DATA THIS WEEK. Consumer credit, wholesale inventories on MONDAY; small business optimism index on TUESDAY; CPI (+3.1% yoy; core +5%) on WEDNESDAY; PPI (core +2.5%); weekly initial jobless claims on THURSDAY; UM consumer sentiment on FRIDAY.

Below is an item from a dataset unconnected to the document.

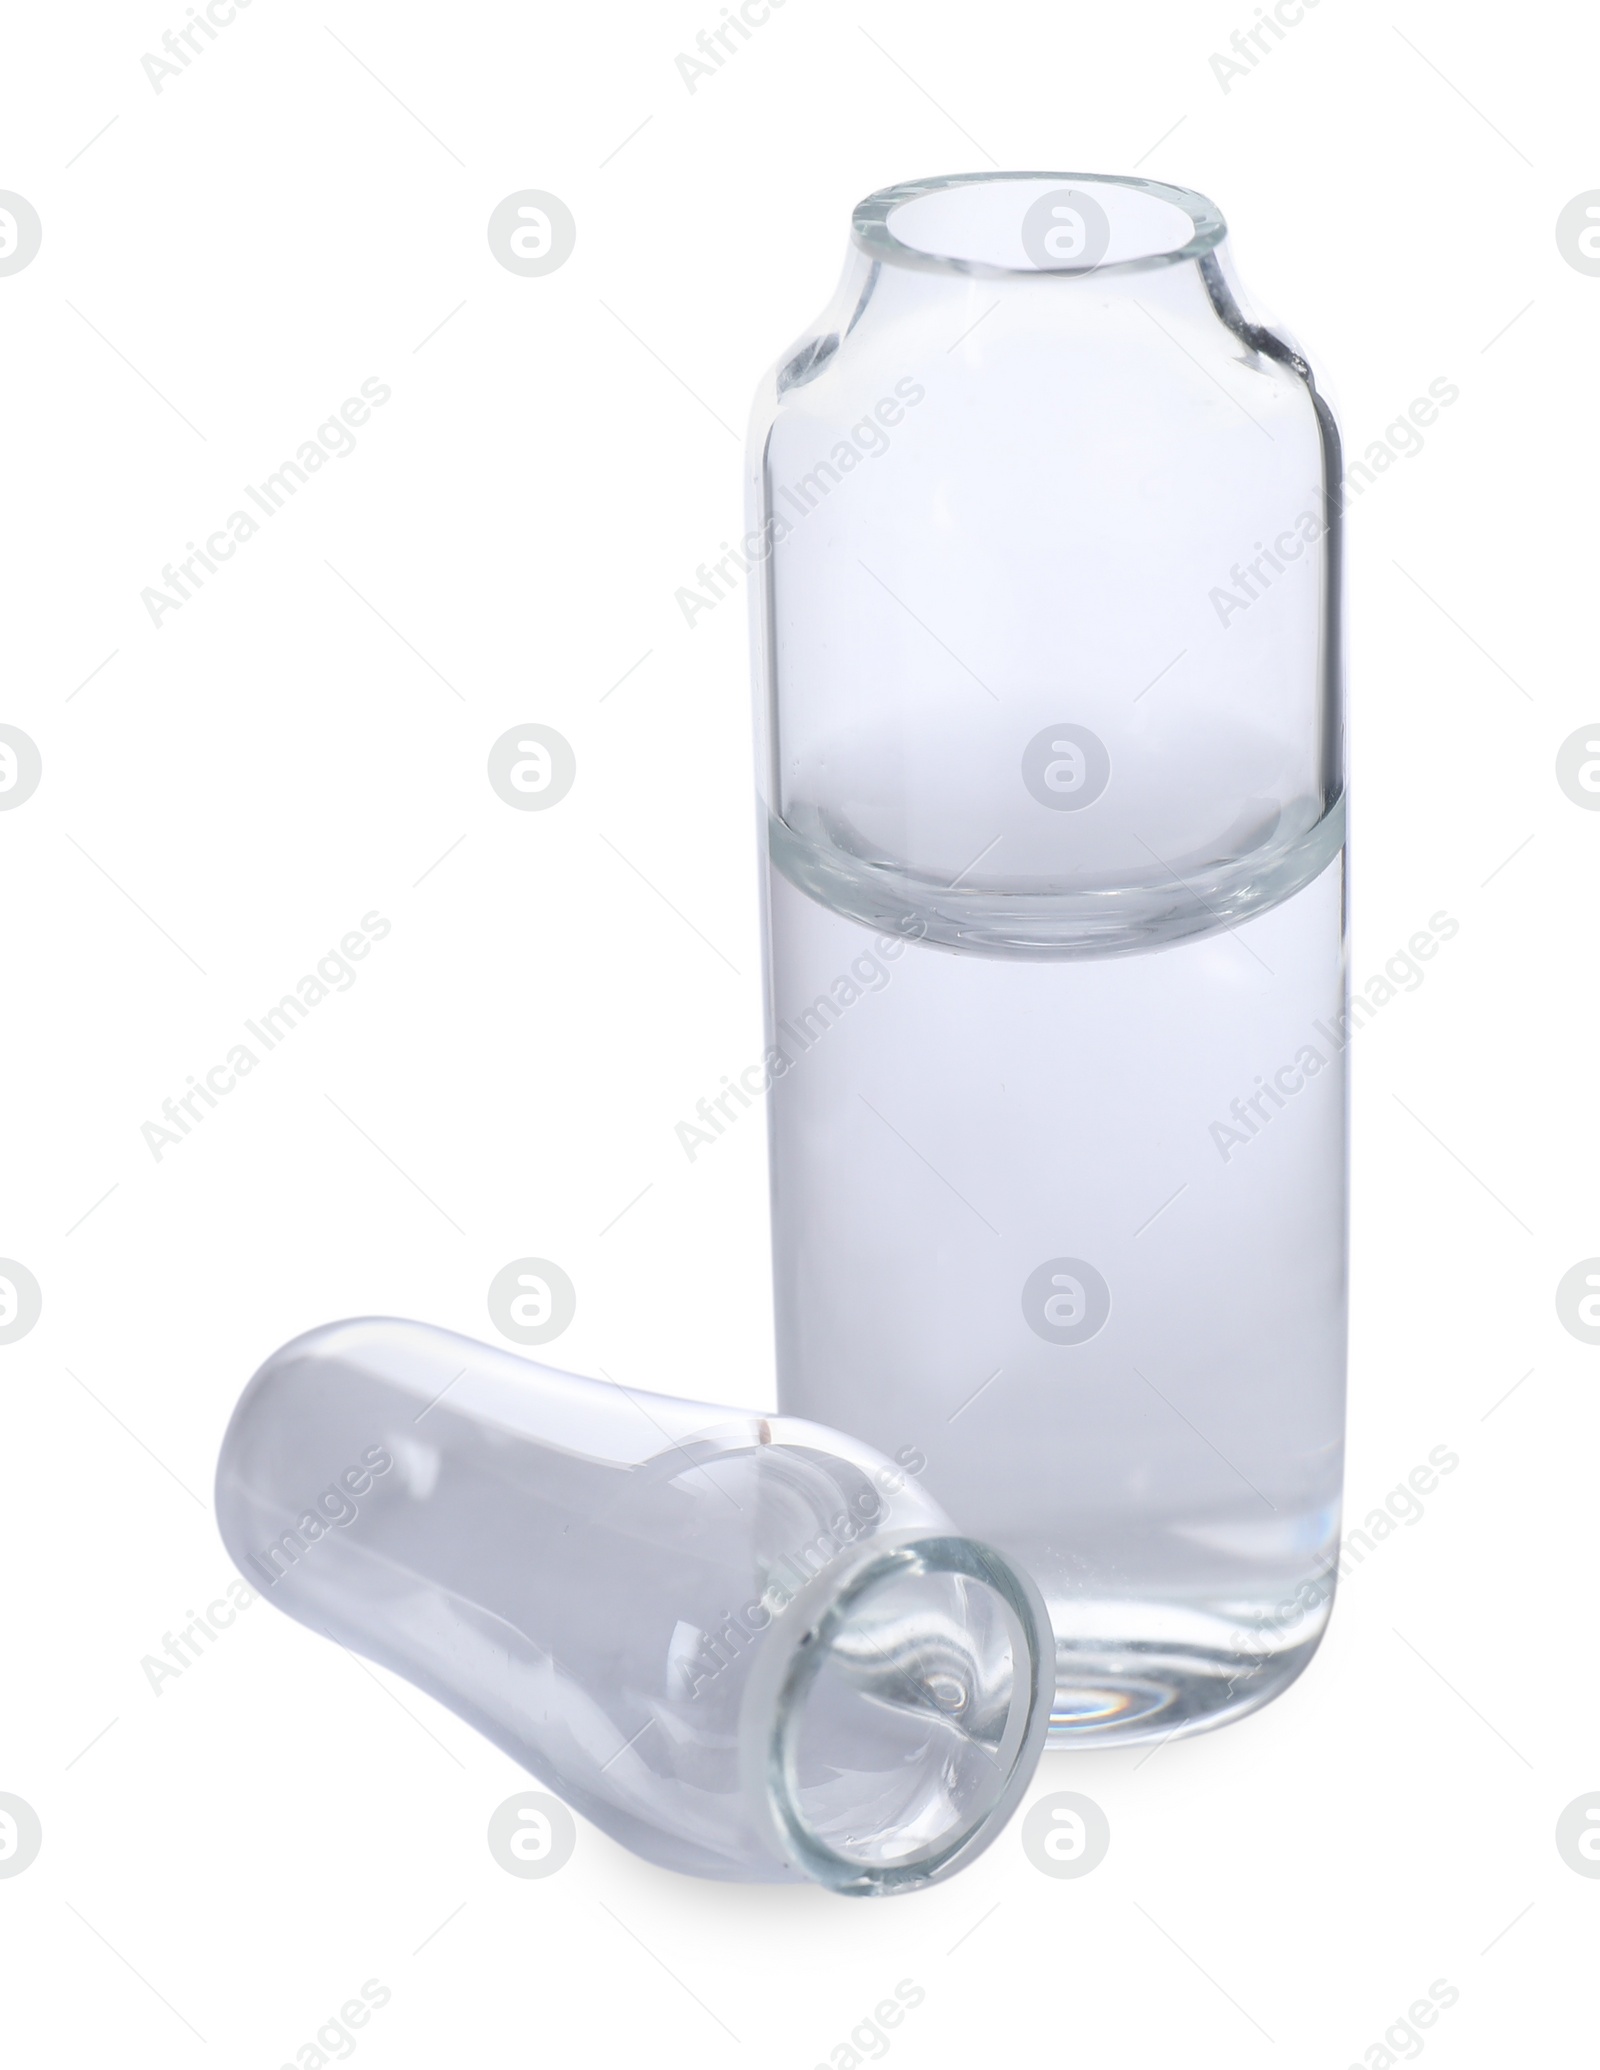 Photo of Open glass ampoule with medication isolated on white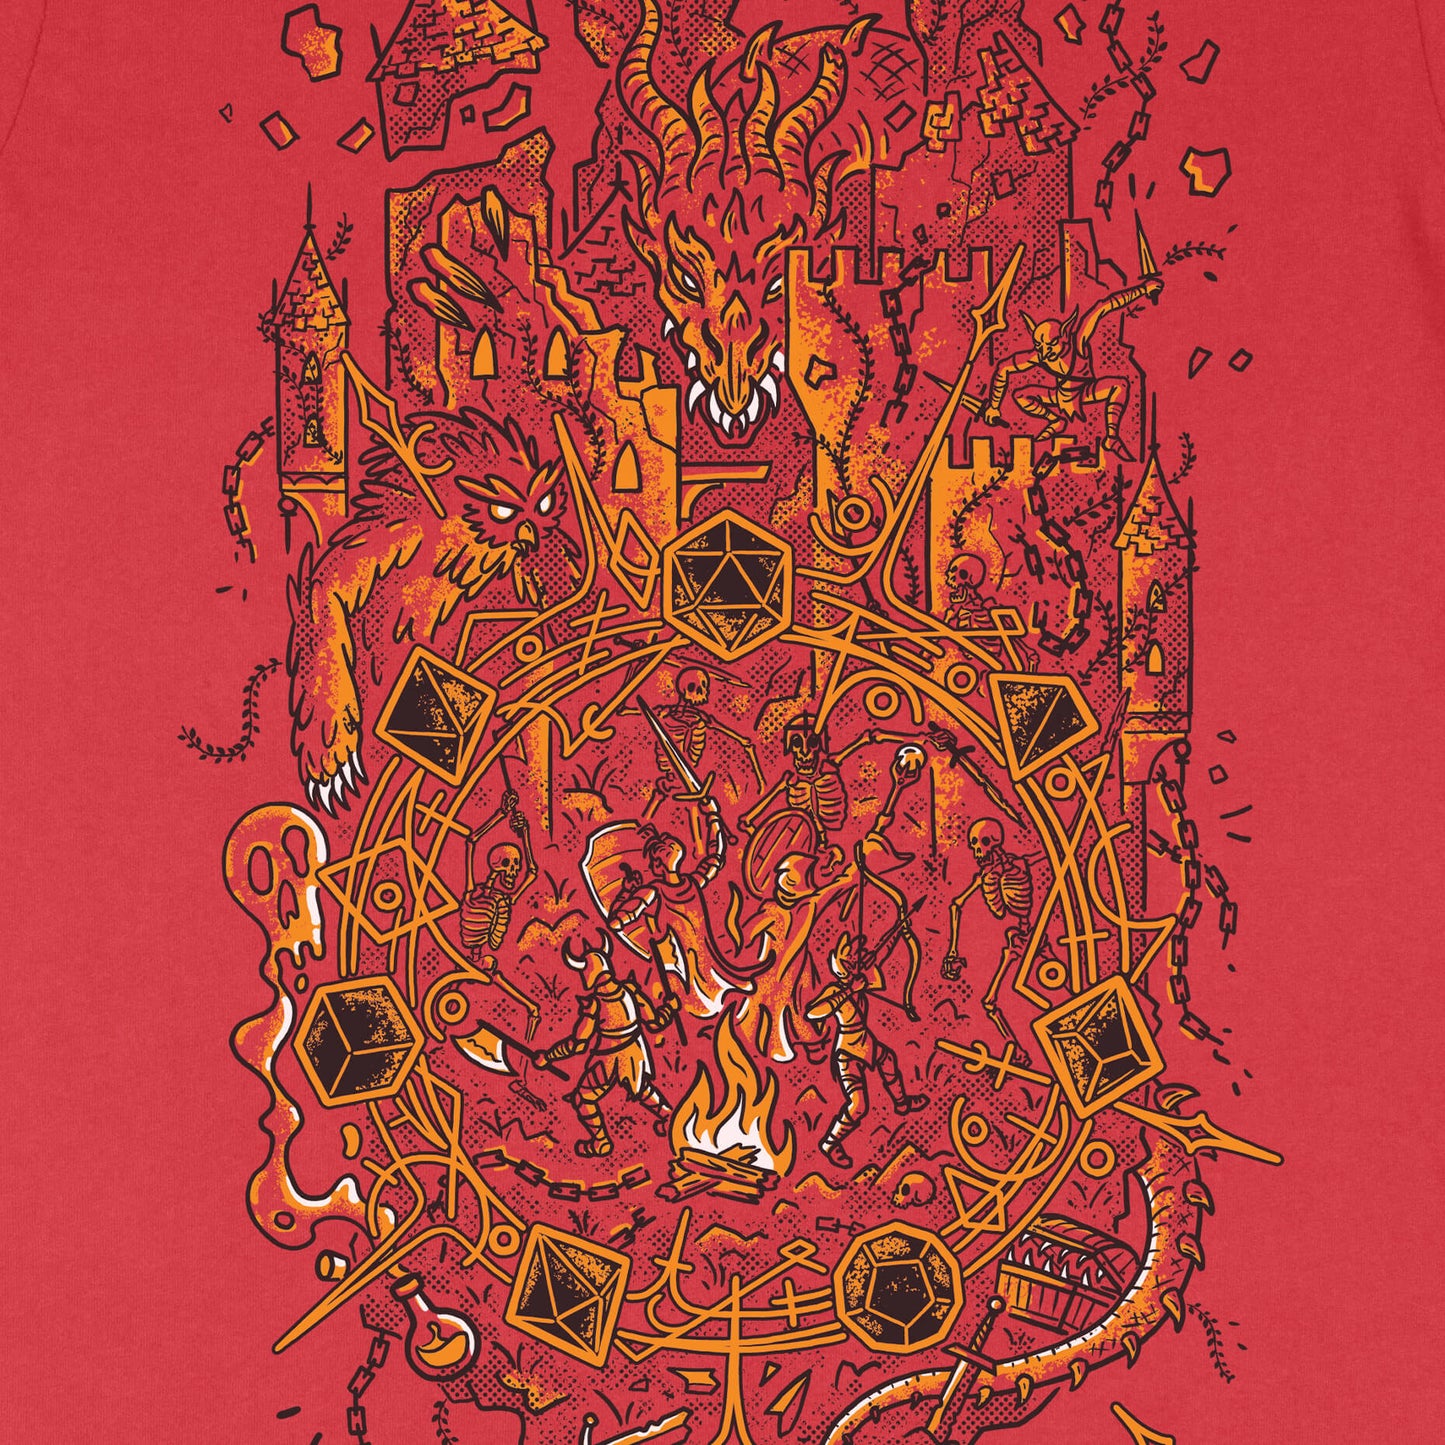 Castle ruins crumbling as the dragon crashes through them towards the party of player characters and their campfire, printed on red fabric. For RPG nights and game nights!

www.barrons.com/magazine?mod=BOL_TOPNAV
BULLISH. 6 attractive small banks (AX, BFH, FFBC, OFG, PFBC, STBA; regional bank ETF KRE has been hit hard by the regional banking crisis but valuations are now attractive; pg 10;
Travel boom (cruises RCL, CCL, NCLH; airlines UAL, DAL, AAL; hotel H; pg 11);
Pharma (SNY, ZTS, ABBV, GILD, BIIB, ESAIY; R&D, trials, the FDA approvals are expensive and time consuming, but drug pricing is out of control; PBMs and Medicare are pushing back; but why does eczema medicine with the same ingredient is cheaper for dogs than for humans?; pg 12).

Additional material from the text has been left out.